The judgment is affirmed.
Notes
. Hartson's brief refers to Teresa as Patrick’s wife. The record shows that her name is Teresa Landrum.
. Newly available evidence is treated the same as newly discovered evidence.
Whitmore v. State,
. In
Ex parte Werblud,
. § 7.02. Criminal Responsibility for Conduct of Another
(a) A person is criminally responsible for an offense committed by the conduct of another if:
(1) acting with the kind of culpability required for the offense, he causes or aids an innocent or nonresponsible person to engage in conduct prohibited by the definition of the offense;
*786 (2) acting with intent to promote or assist the commission of the offense, he solicits, encourages, directs, aids, or attempts to aid the other person to commit the offense; or
(3) having a legal duty to prevent commission of the offense and acting with intent to promote or assist its commission, he fails to make a reasonable effort to prevent commission of the offense.
(b) If, in the attempt to carry out a conspiracy to commit one felony, another felony is committed by one of the conspirators, all conspirators are guilty of the felony ae-tually committed, though having no intent to commit it, if the offense was committed in furtherance of the unlawful purpose and was one that should have been anticipated as a result of the carrying out of the conspiracy.
Tex. Pen.Code Ann. § 7.02 (Vernon 1994) (Emphasis added.).

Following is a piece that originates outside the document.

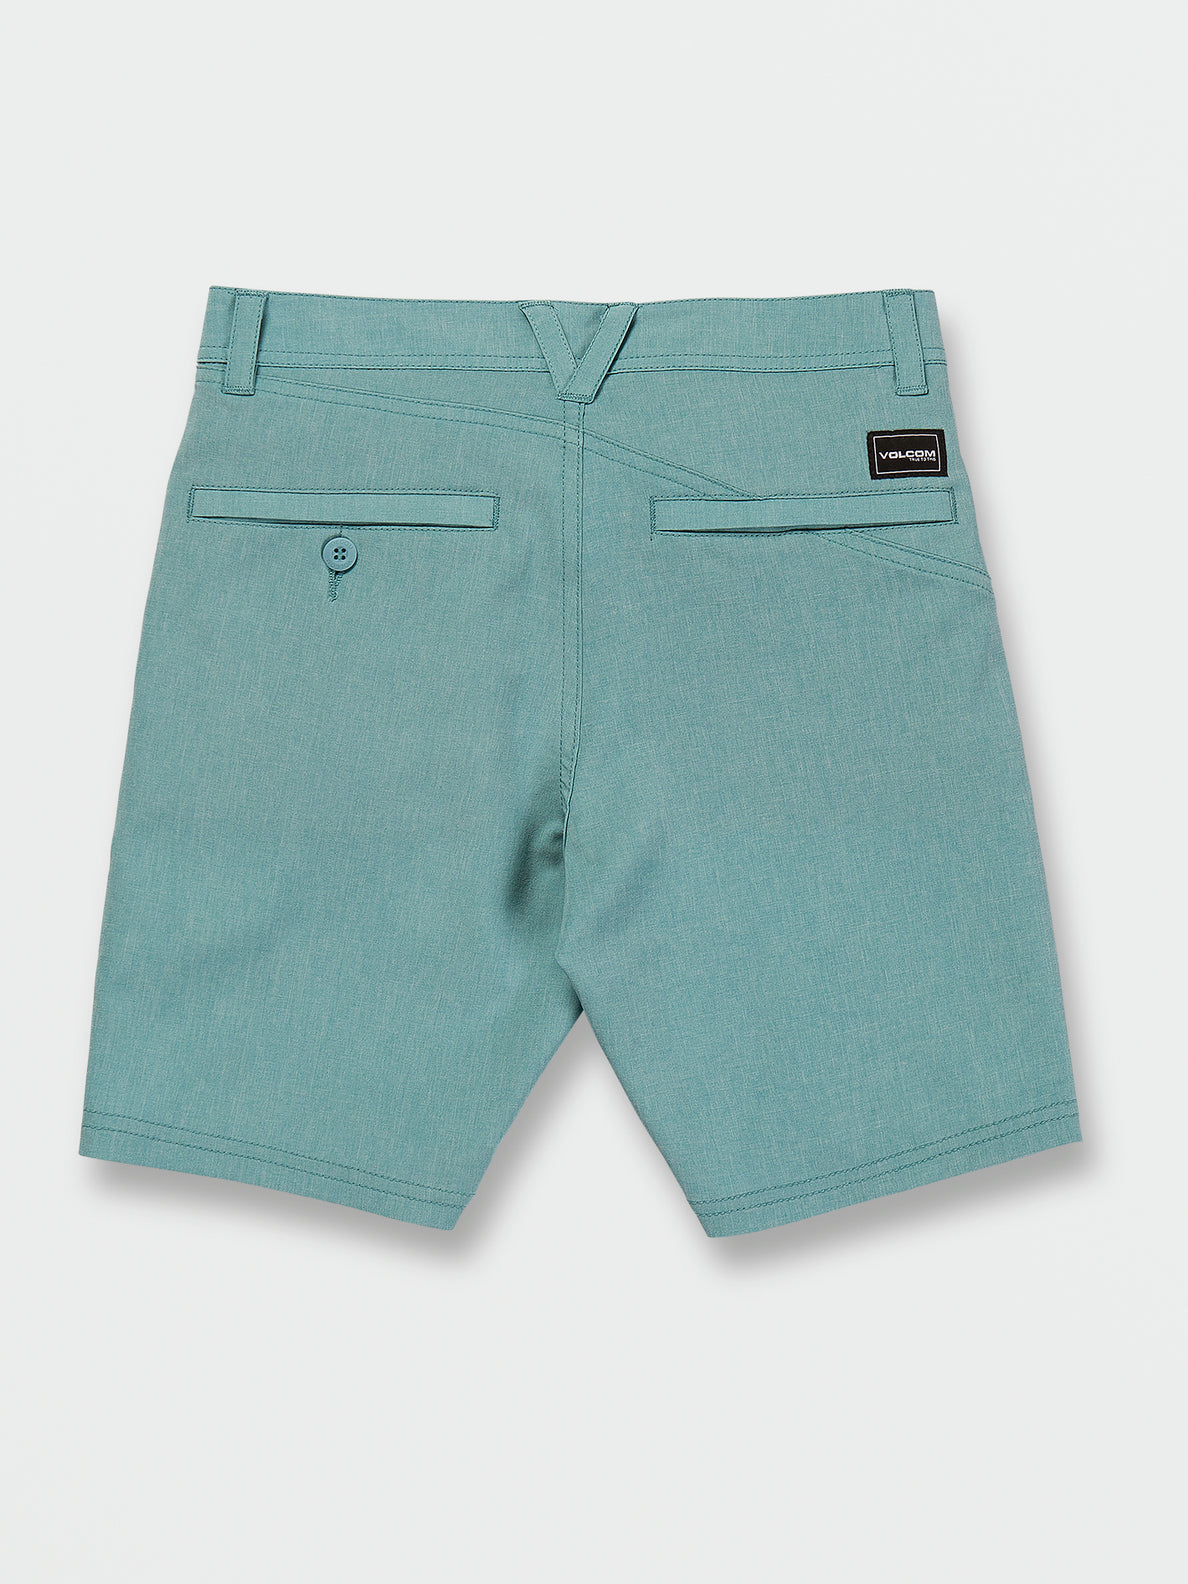 Big Boys Frickin Cross Shred Static Shorts - Cali Blue Heather (C3212306_CBL) [B]

. Hartson did not object at trial that the evidence was more prejudicial than probative; thus, we need not reach the second level of analysis under Tex.R. Evid. 403.
. Evidence of other crimes, wrongs, or acts is not admissible to prove the character of a person in order to show action in conformity therewith. It may, however, be admissible for other purposes, such as proof of motive, opportunity, intent, preparation, plan, knowledge, identity, or absence of mistake or accident, provided that on timely request by the accused in a criminal case, reasonable notice is given in advance of trial of intent to introduce in the State’s case-in-chief such evidence other than that arising in the same transaction. TexR. Evid. 404(b).